DATA:
[Start of Attachment]

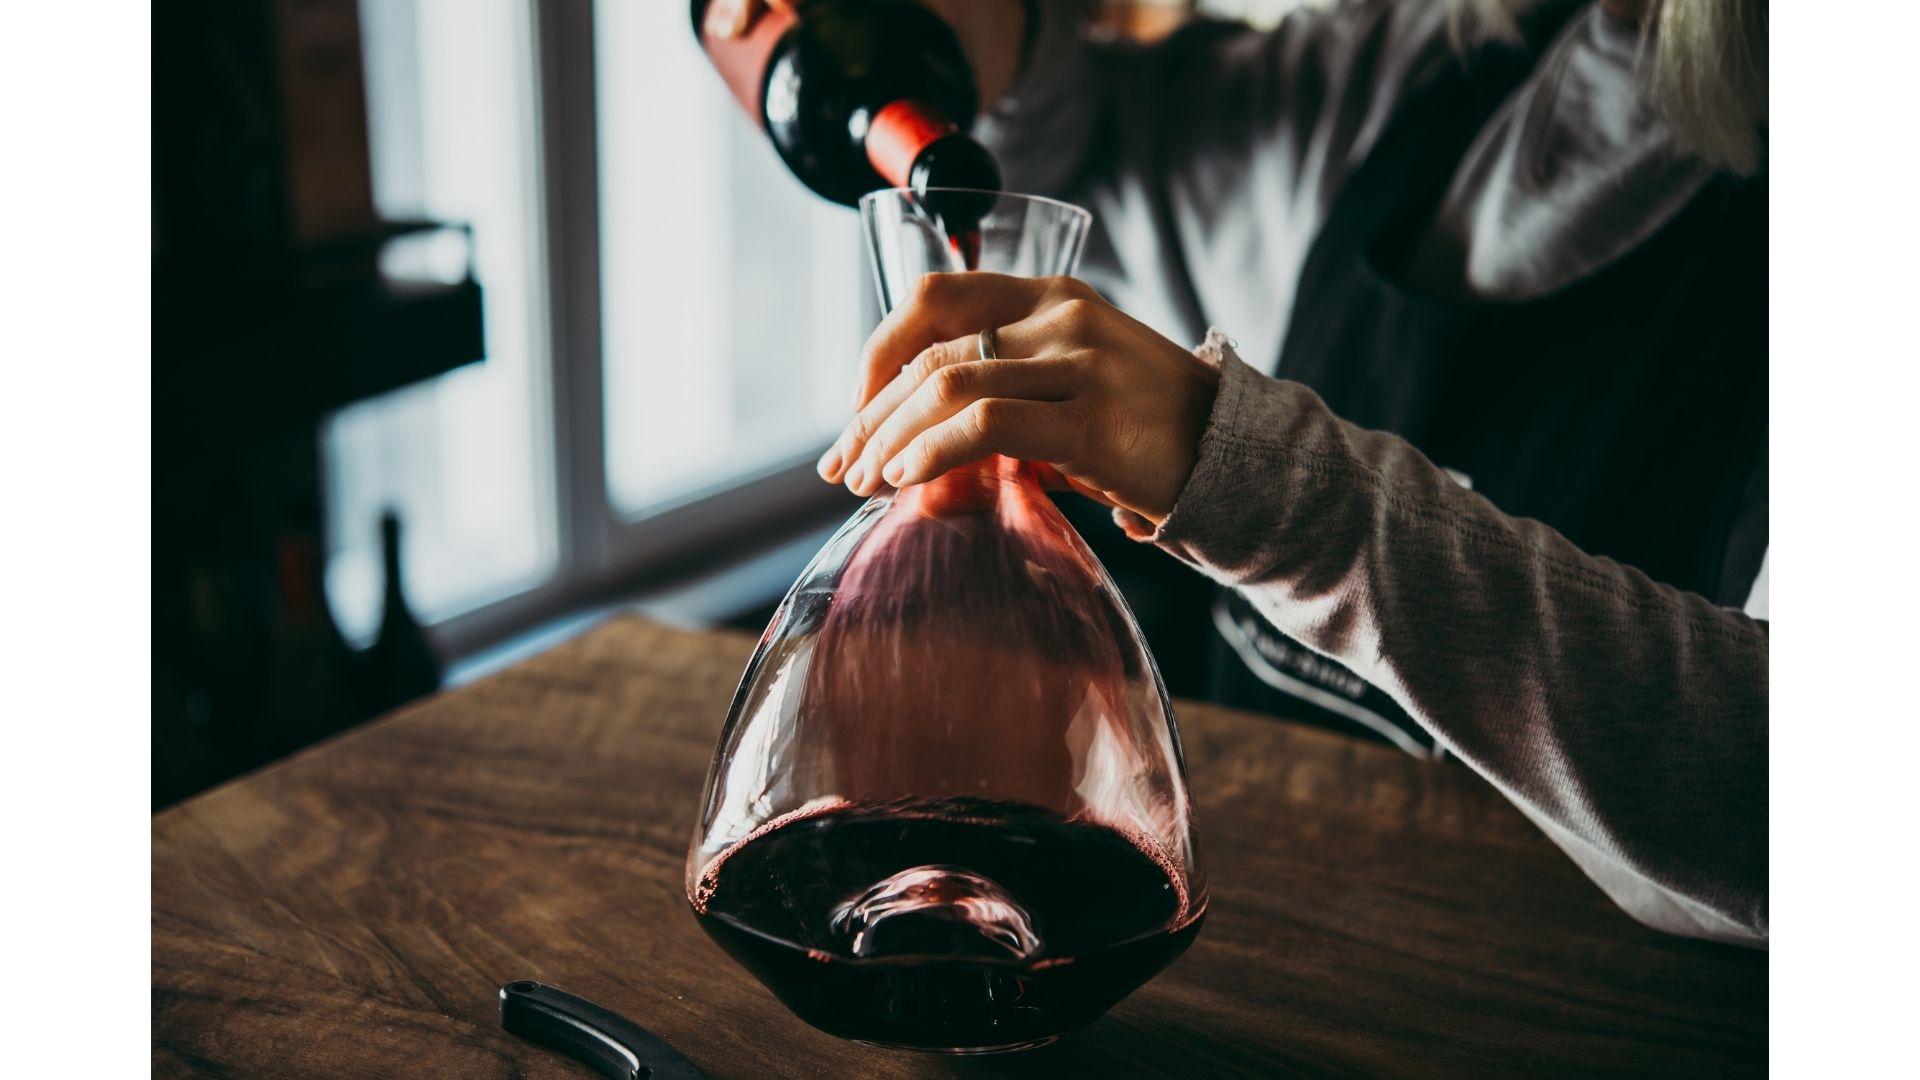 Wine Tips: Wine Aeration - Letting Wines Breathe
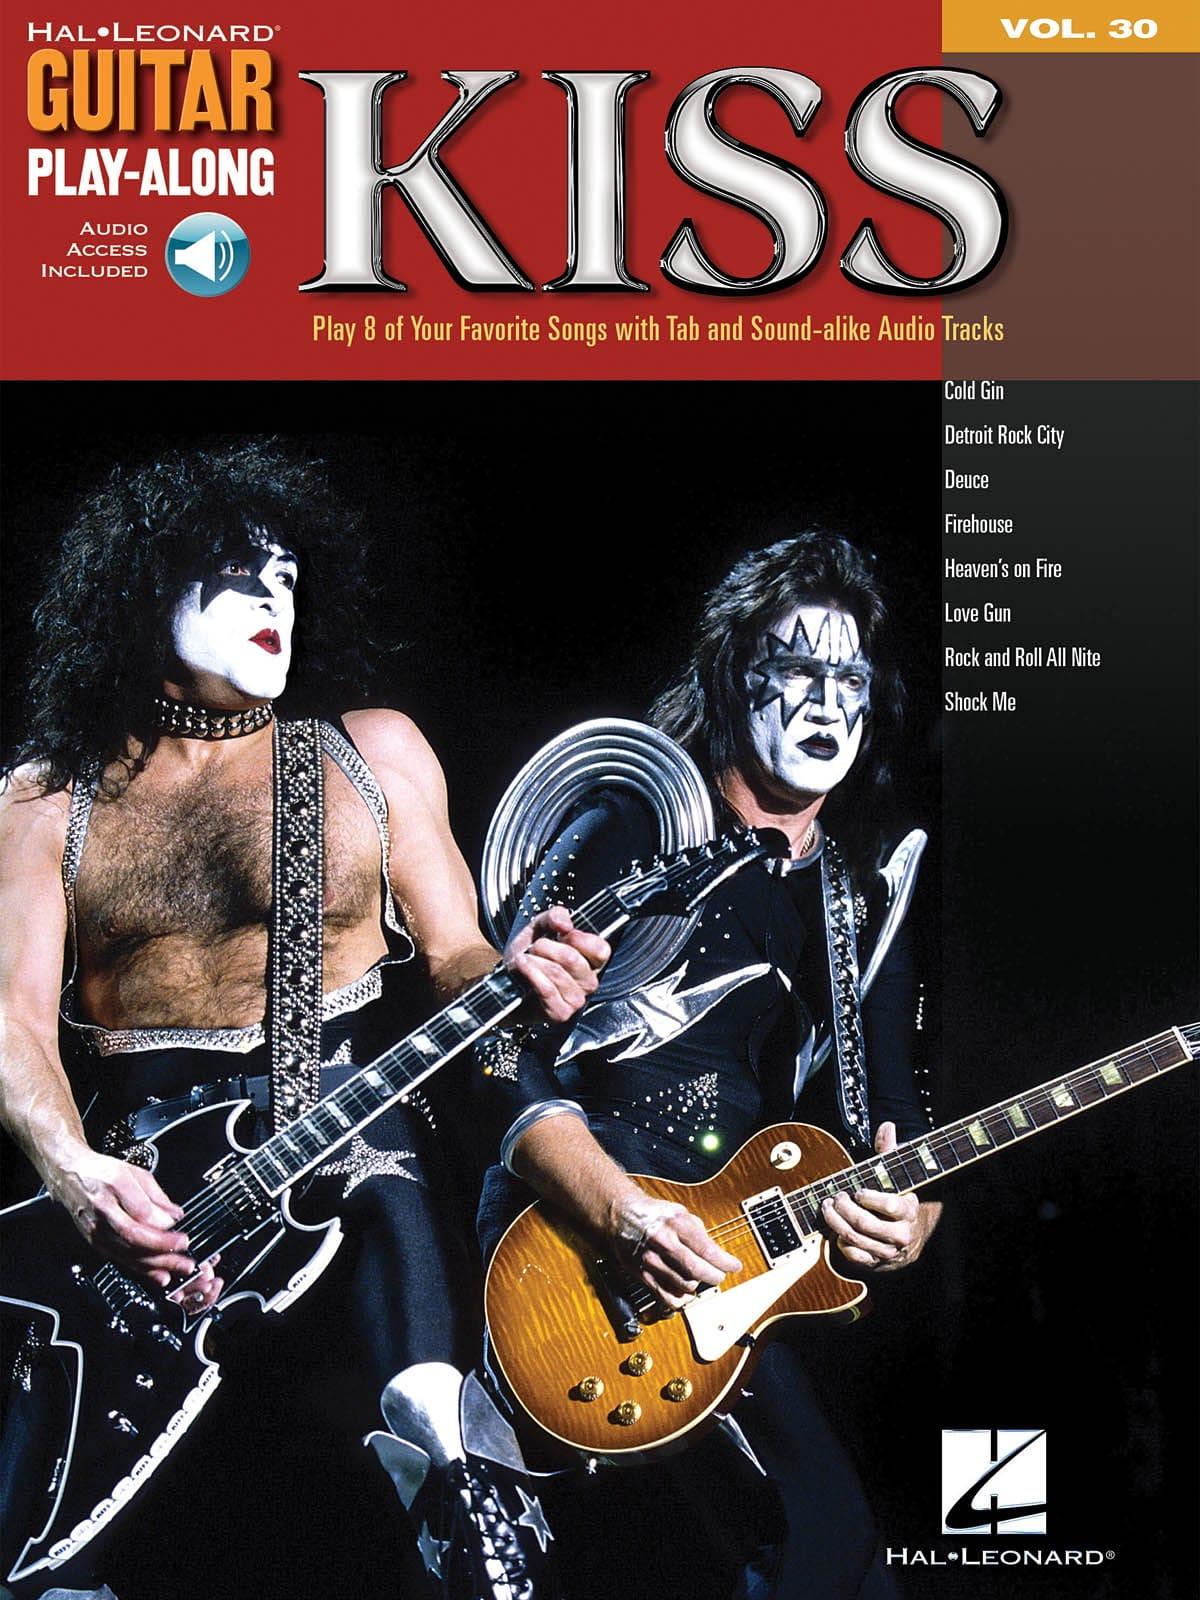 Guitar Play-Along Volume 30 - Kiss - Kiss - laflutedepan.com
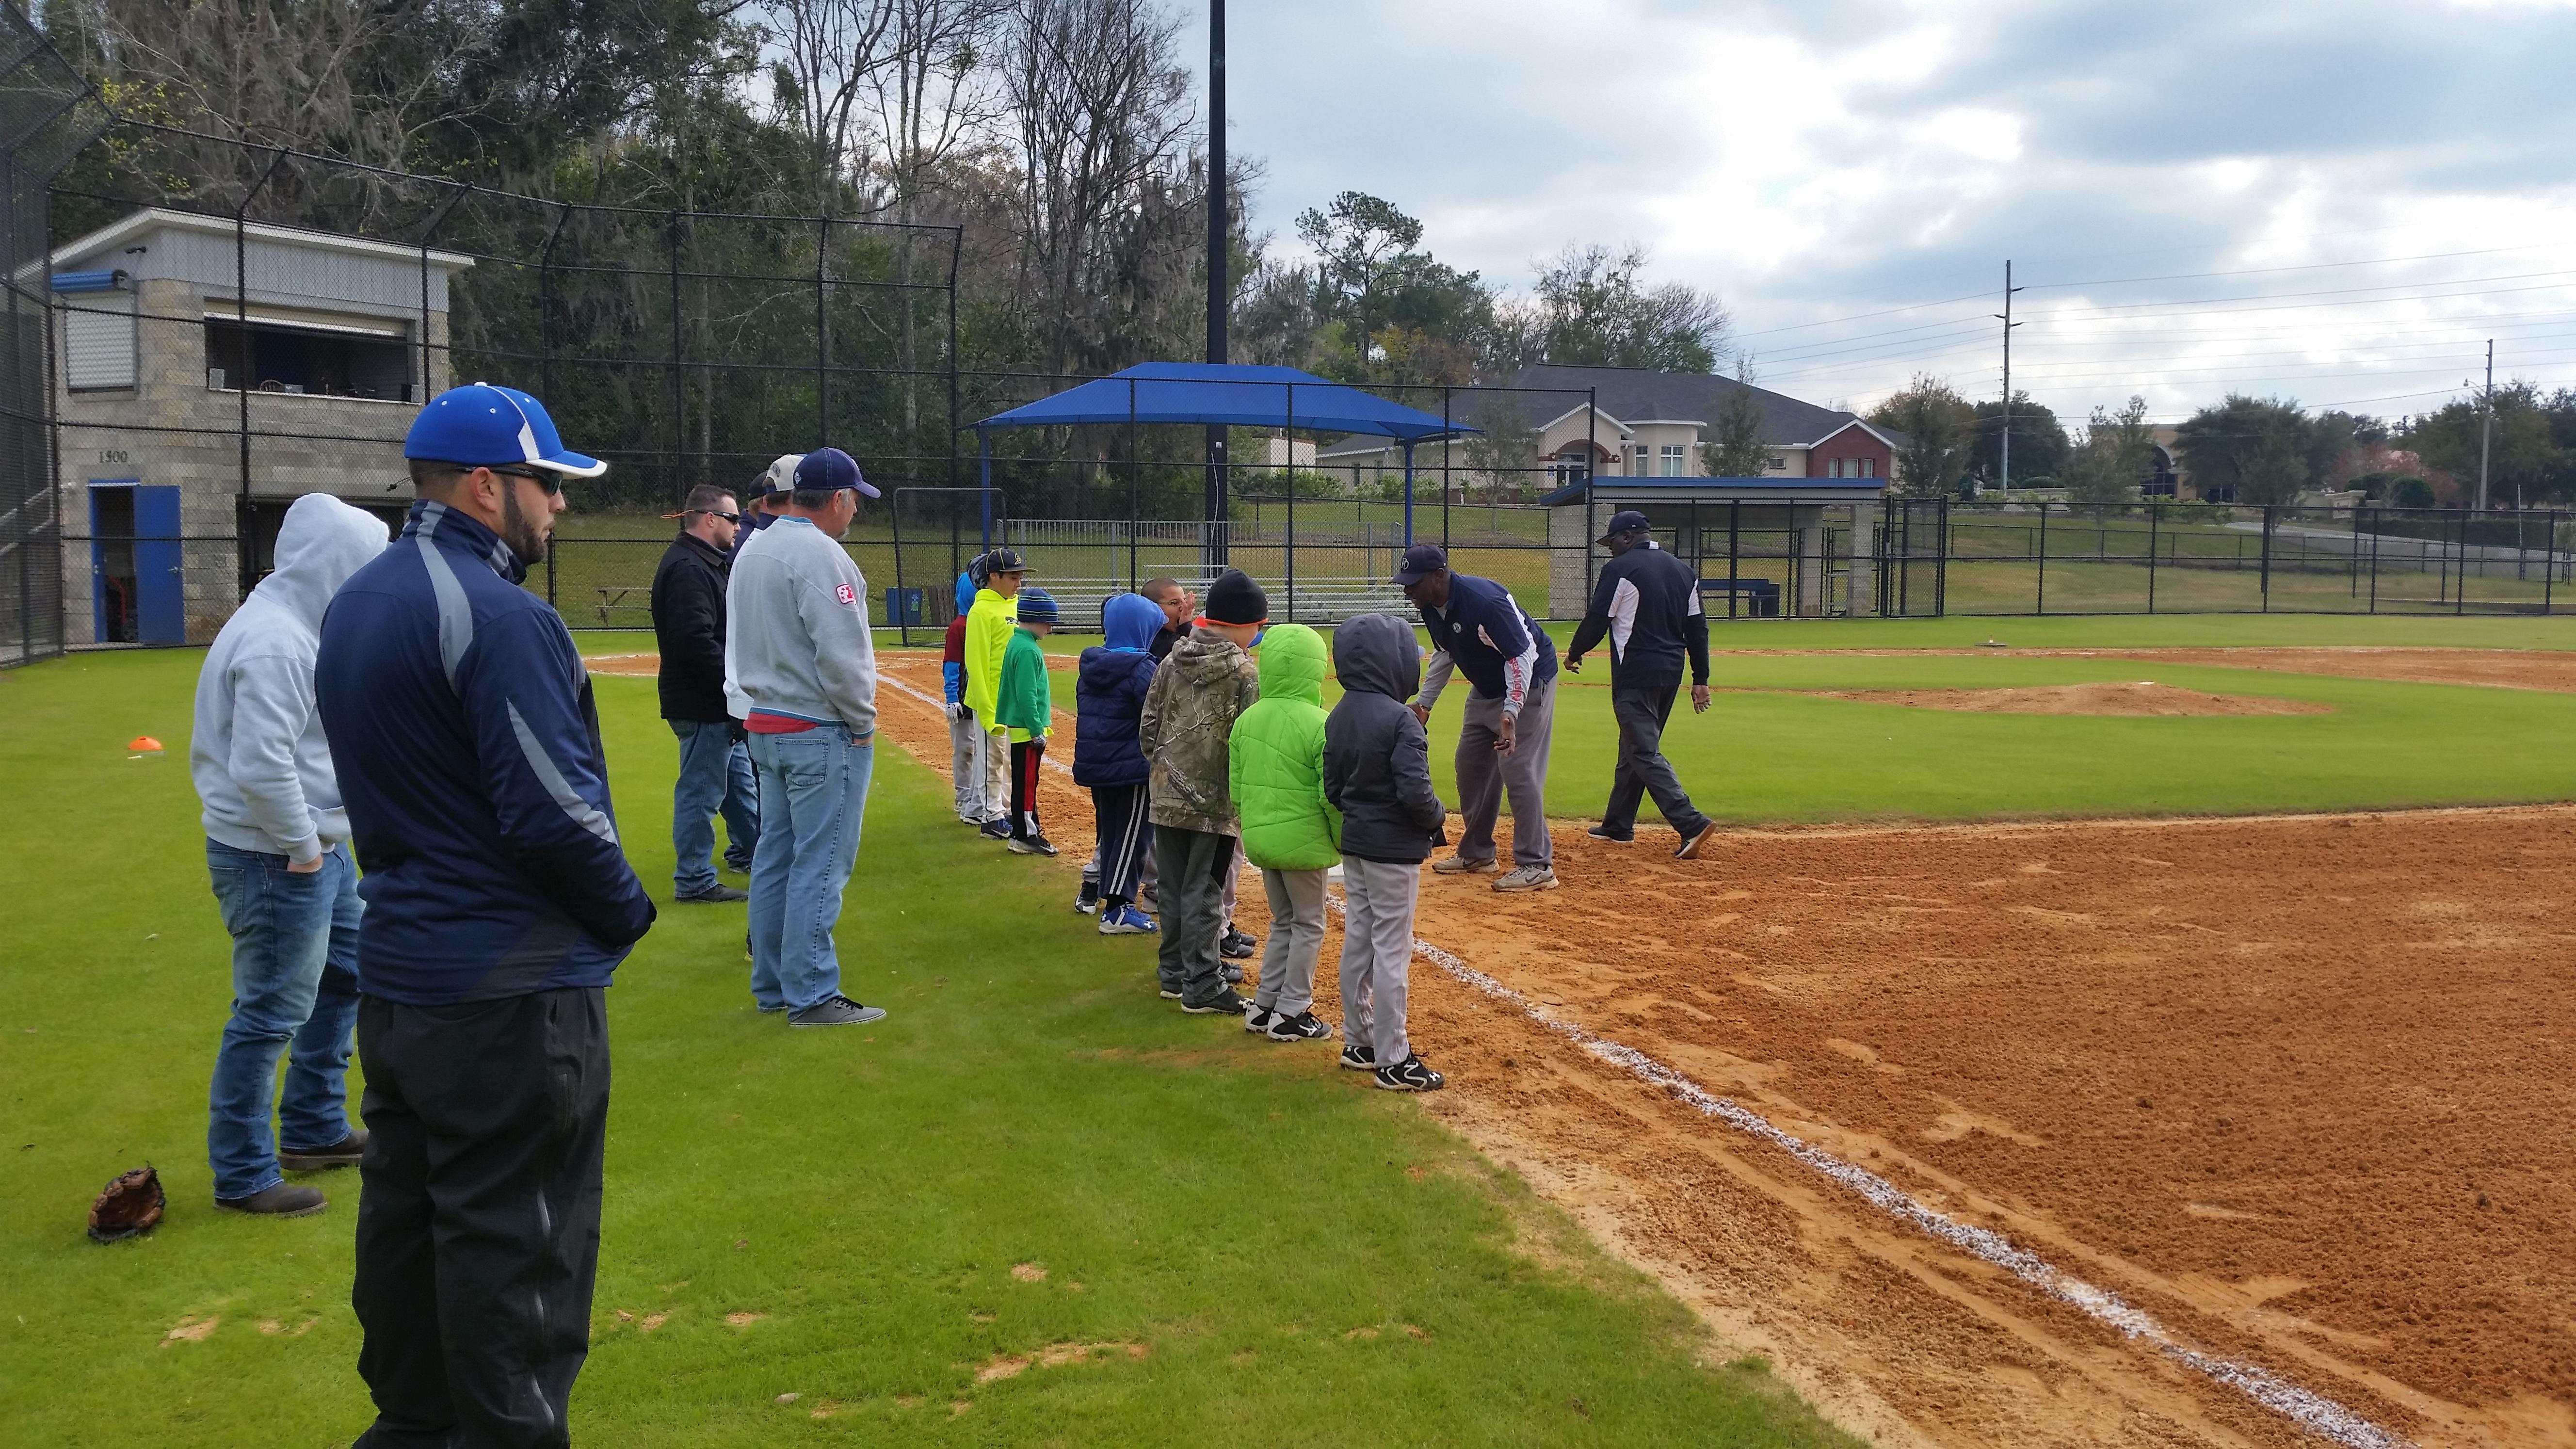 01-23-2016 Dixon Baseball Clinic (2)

[End of Attachment]

EXERCISE OBJECTIVE:
Apart from the pictures, the whole listing should be reproduced exactly.

EXPECTED OUTPUT:
 Wine Tips: Wine Aeration - Letting Wines Breathe
 Guitar Play-Along Volume 30 - Kiss - Kiss - laflutedepan.com
 01-23-2016 Dixon Baseball Clinic (2)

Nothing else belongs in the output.